Which is the wrong wine direction, and how would you know that it’s “wrong”?
Promptly timed for my return to New York Wine City (NYWC) today the weather turned grey and wintry. It seems a bit early for that seasonal twist – for example, I remember how outrageously warm it was here on December 8th 2012 – but it doesn’t really bother me, because tomorrow evening I’ll be flying to one of the warmest places in the country for a five day Gonzo Wine Adventure. Let’s face it, here in NYWC almost nobody thinks about Arizona when it comes to wine. Seen from the perspective of this self-consciously cosmopolitan metropolis AZ is one of the wrong wine places. The fact that New Jersey also falls into this category, proves that AZ’s fate isn’t directly the result of its physical remoteness from NYWC. Instead, it has to do with the fact the wine growing regions, along with many other things in our world, is subject to hierarchical thinking. The somms, wine journalists, dealers and many consumers in NYWC, like everywhere else wine is drunk, have a mental A-list of wine growing regions that are cool, also a B-list of those that are OK, and also a C-list of those which don’t count and who’s wines rarely, if ever, get taken seriously.
The reason for AZ being firmly on the C-list is that so far nothing dramatic ever happened that lifted its wines out of the mist of obscurity and on to the B-list. I don’t even think the involvement of Maynard James Kennen of the band Tool has done more than raise a ripple, also because way too few people have tasted the wines from his Caduceus winery that won a bunch of prizes (including at the San Francisco International Wine Competition). To be frank I haven’t either. Then, there’s the cumulative effect of the daily TV and internet weather reports from Phoenix that suggest to many who aren’t familiar with AZ that the entire state is so fiery that the sun must burn every grape there to a cinder. The inability to think further than such simplistic assumptions is, of course, a fundamental human weakness. The problem with all this is that some NYWC wine pros simultaneously act in a way strongly influenced by those mental lists while promoting the virtues of wine democracy, that is of giving every wine the same chance on a level playing field. Of course, those positions are contradictory. But please don’t think that purpose of this message is to gripe about this situation (though that would be an understandable reaction). I’m observing all this, because it’s the background to the Gonzo Arizona Wine Adventure I’m about to depart upon. You need to know this in order to make full sense of what follows during the next days. WATCH THIS SPACE!
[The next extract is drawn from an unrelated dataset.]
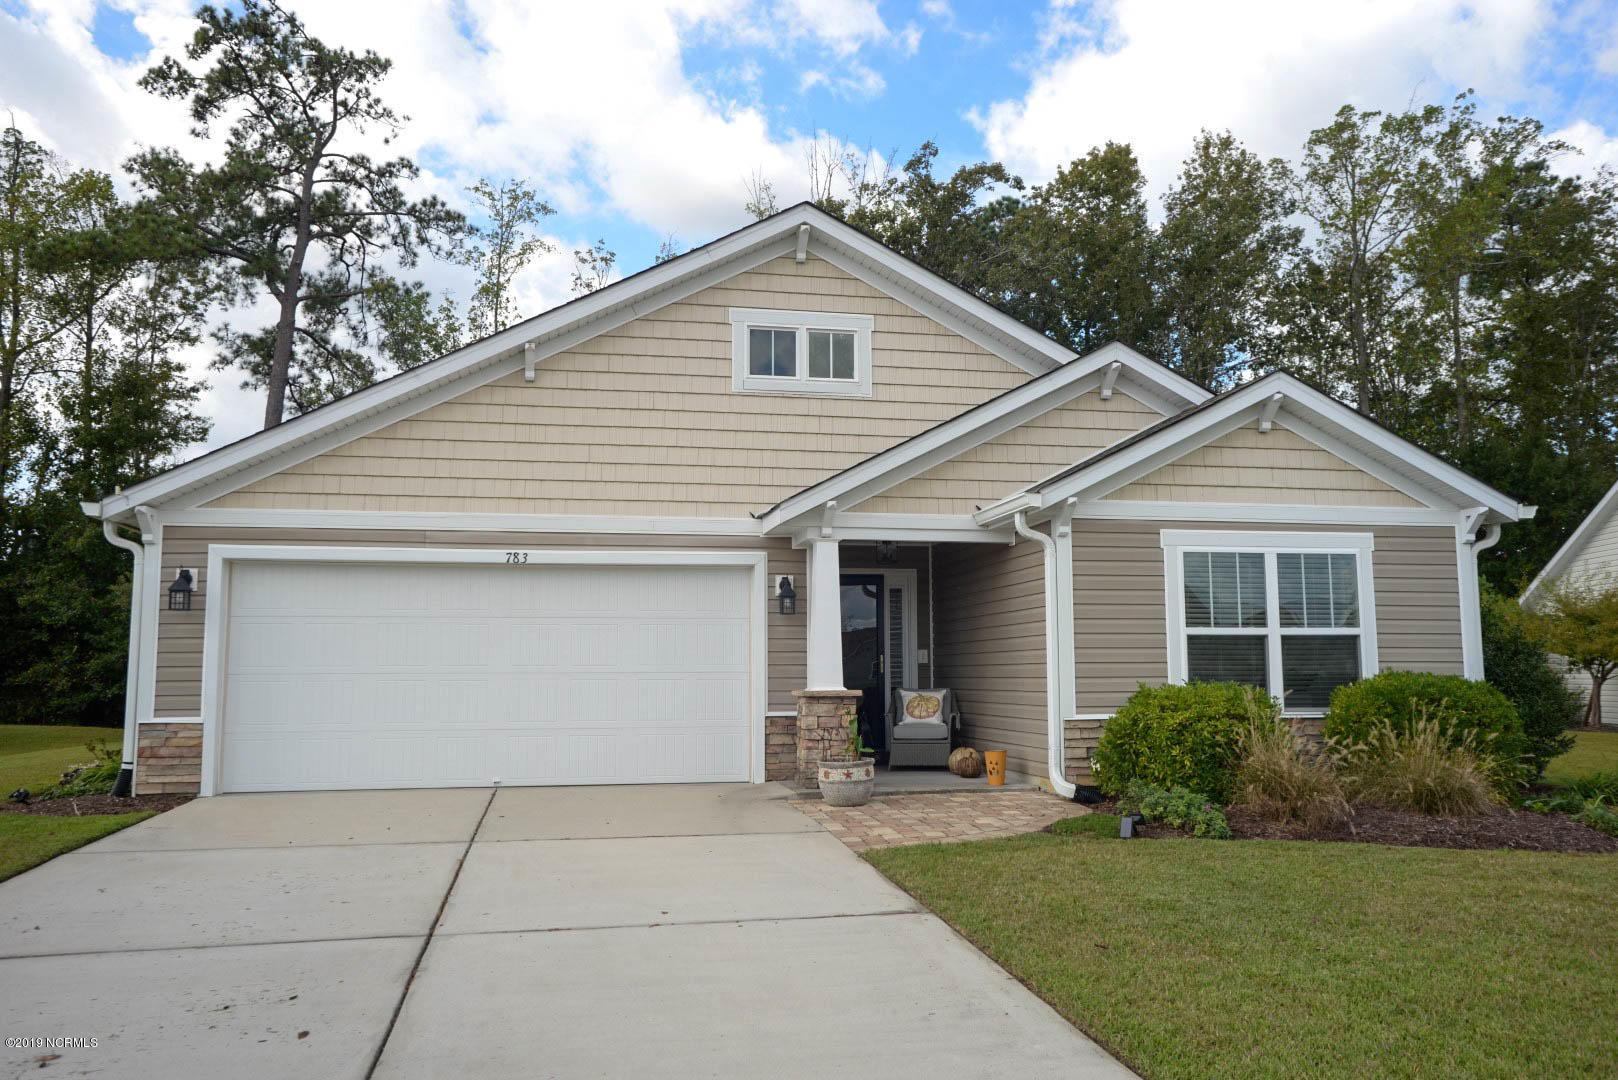 783 Heather Glen Lane Calabash, NC 28467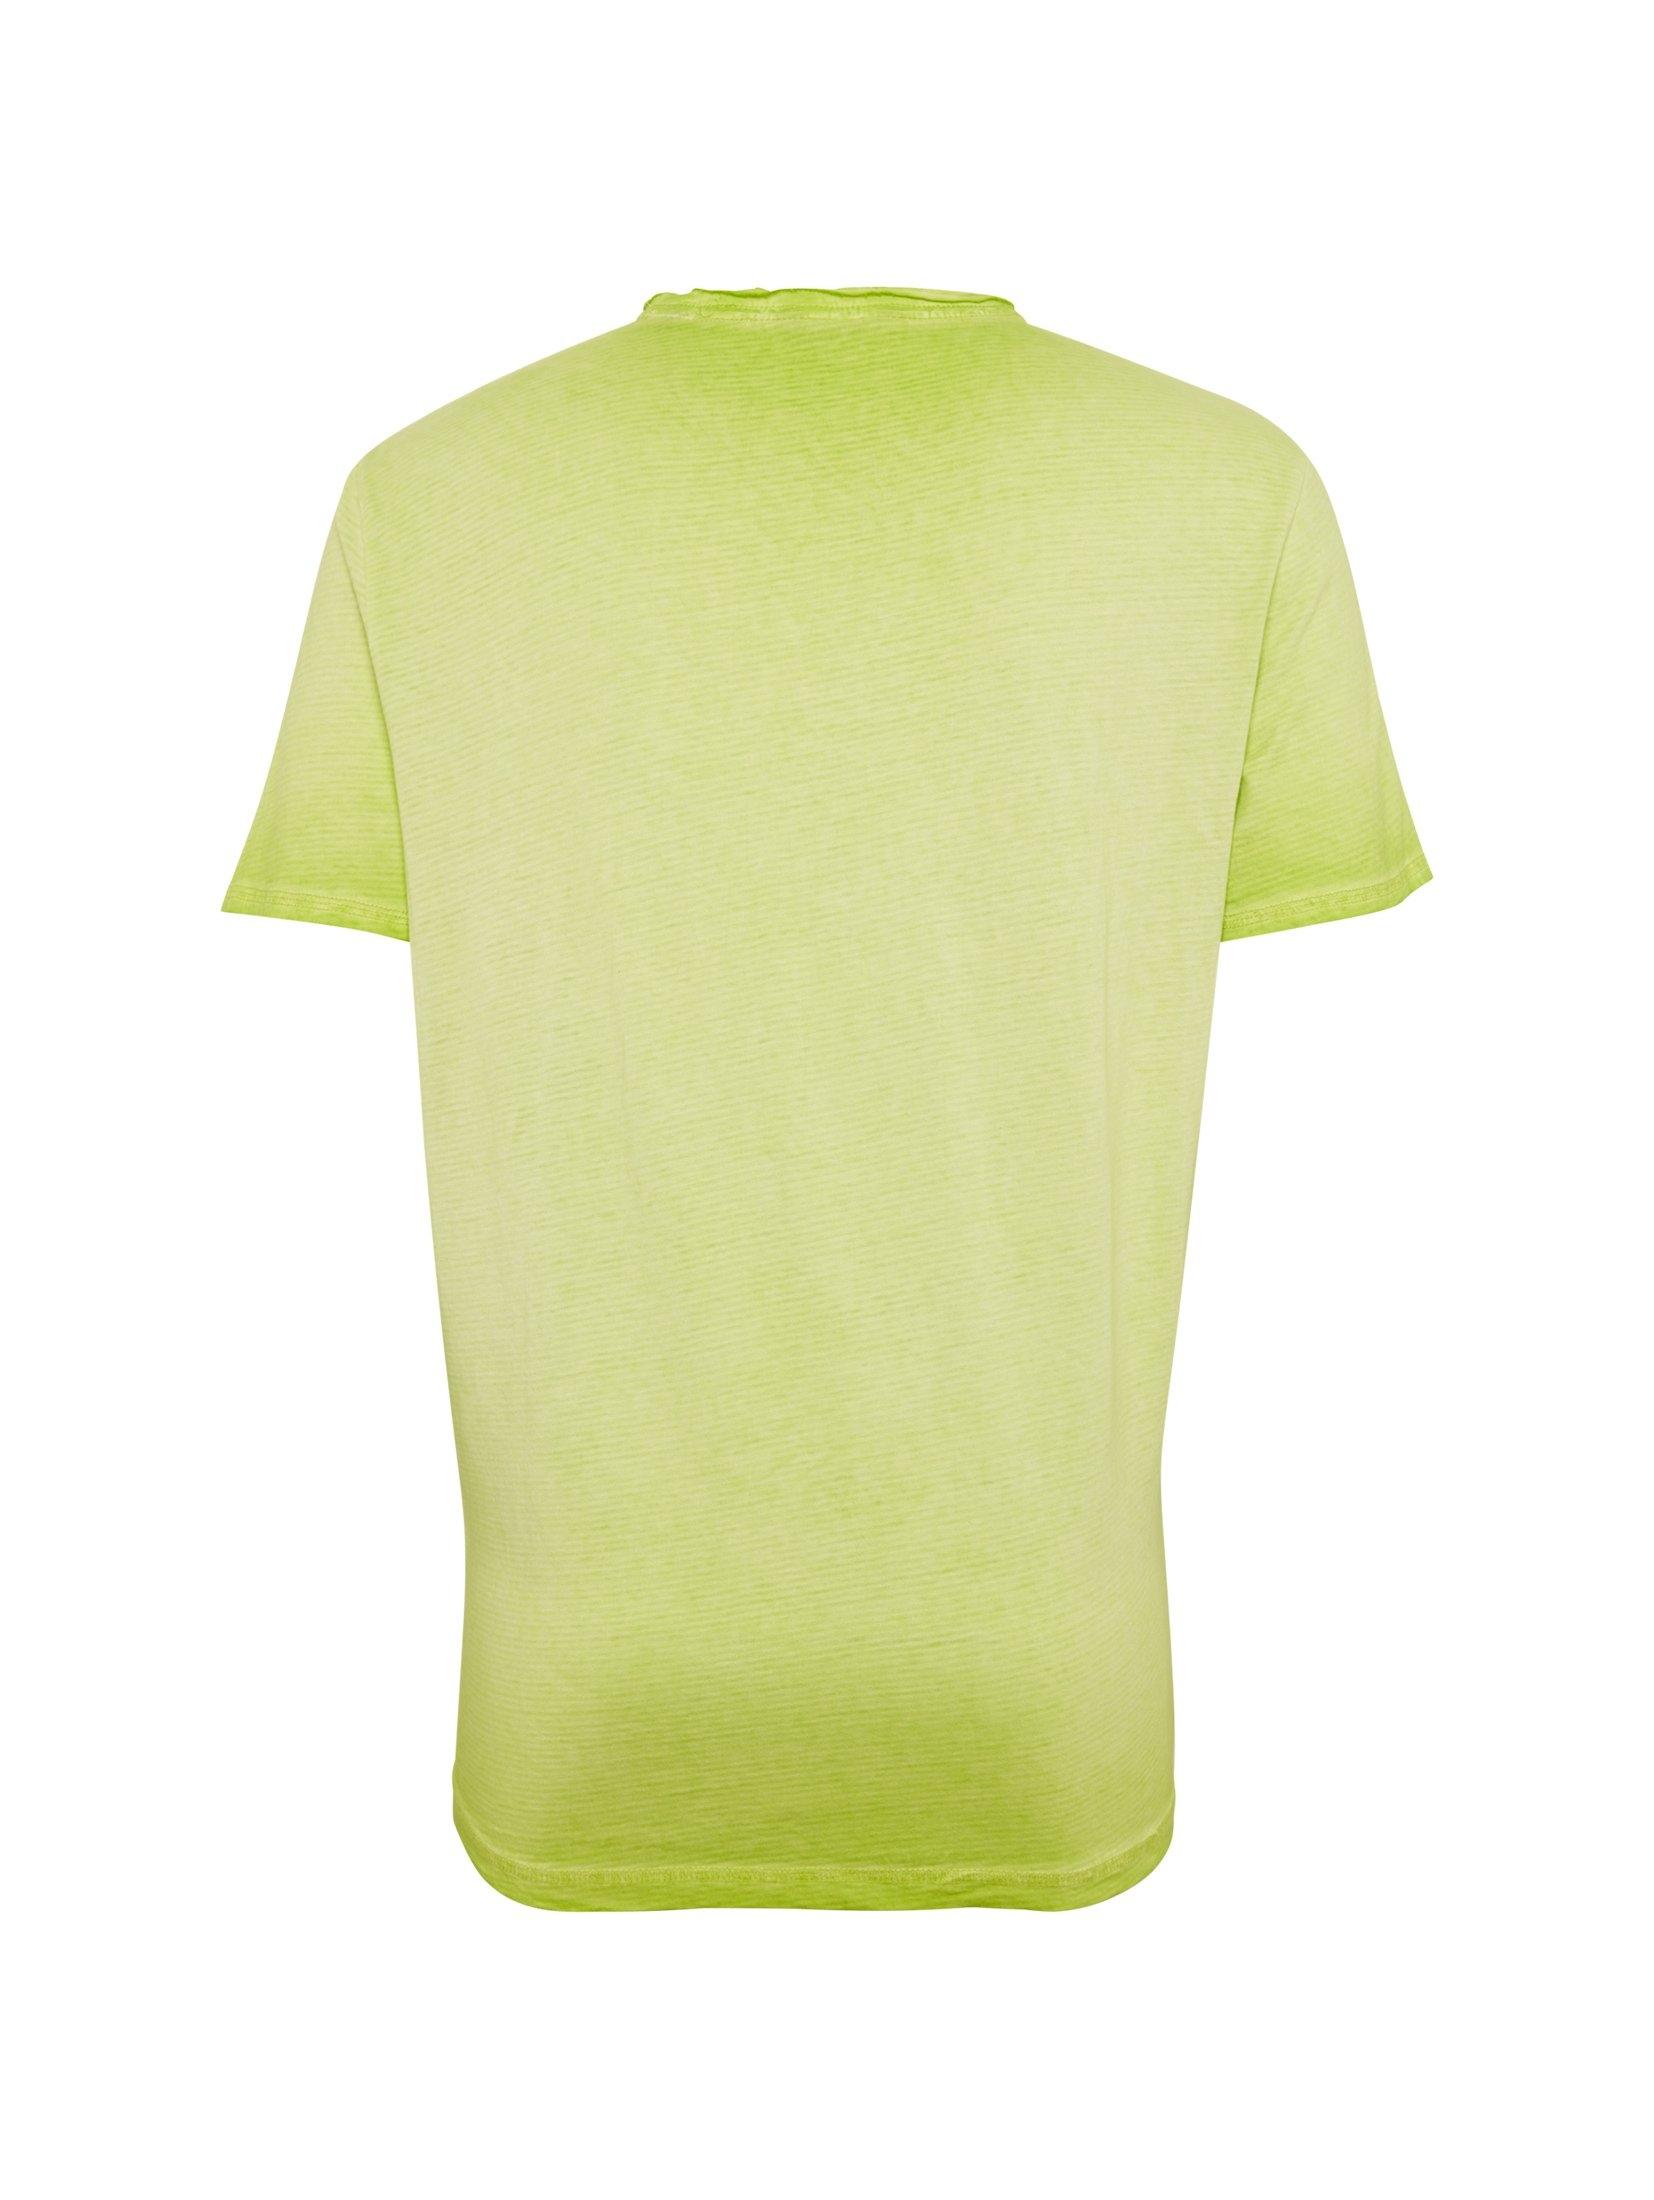 Tailor T Tom Bij Nu shirtt shirt Met LogoprintBestel K1lJTFuc3

PS I rarely go on press trips, but this is one. My flights, accommodation and food will be paid for by a loose affiliation of Arizona wine producers which is being dubbed “A2Z”. Gonzo PR man David Furer has organized this press trip for them and his involvement is the reason I put aside my usual rejection of press trips and signed up. The list of other guests only seemed to confirm the rightness of this decision.